- [Data for review]
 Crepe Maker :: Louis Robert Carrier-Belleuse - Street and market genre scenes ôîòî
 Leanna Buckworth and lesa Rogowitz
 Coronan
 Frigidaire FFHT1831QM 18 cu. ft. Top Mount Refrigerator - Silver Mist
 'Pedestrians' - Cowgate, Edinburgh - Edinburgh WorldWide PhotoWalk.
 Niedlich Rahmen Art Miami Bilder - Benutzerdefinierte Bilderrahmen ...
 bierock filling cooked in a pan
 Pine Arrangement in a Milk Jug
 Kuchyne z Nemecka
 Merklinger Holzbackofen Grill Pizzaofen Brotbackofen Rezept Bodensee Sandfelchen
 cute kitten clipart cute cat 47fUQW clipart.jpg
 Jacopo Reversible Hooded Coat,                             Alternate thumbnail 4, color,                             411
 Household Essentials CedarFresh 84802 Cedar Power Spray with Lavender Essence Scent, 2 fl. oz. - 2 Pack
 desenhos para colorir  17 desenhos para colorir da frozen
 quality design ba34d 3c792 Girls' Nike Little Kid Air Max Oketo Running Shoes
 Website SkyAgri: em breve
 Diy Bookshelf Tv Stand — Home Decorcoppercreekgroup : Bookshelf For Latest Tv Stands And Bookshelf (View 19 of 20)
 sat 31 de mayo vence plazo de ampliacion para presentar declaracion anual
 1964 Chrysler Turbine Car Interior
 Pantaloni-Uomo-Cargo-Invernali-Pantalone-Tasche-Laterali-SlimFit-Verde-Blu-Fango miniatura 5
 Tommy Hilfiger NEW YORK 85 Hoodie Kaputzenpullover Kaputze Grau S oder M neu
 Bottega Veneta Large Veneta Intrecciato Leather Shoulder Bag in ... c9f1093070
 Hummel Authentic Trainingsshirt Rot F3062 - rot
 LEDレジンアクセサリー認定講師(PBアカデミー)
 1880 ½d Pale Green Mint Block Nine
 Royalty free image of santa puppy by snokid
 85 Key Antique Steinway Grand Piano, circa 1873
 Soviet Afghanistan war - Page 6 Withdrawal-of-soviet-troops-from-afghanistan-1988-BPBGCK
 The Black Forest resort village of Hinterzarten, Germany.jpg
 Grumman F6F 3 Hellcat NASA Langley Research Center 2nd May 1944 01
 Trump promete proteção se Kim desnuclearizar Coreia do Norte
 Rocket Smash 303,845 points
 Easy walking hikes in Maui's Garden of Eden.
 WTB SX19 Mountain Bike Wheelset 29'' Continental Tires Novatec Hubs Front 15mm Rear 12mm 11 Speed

- [Requirement]
From the material above, copy every line that has the word "para" in it.

- [Solution]
 desenhos para colorir  17 desenhos para colorir da frozen
 sat 31 de mayo vence plazo de ampliacion para presentar declaracion anual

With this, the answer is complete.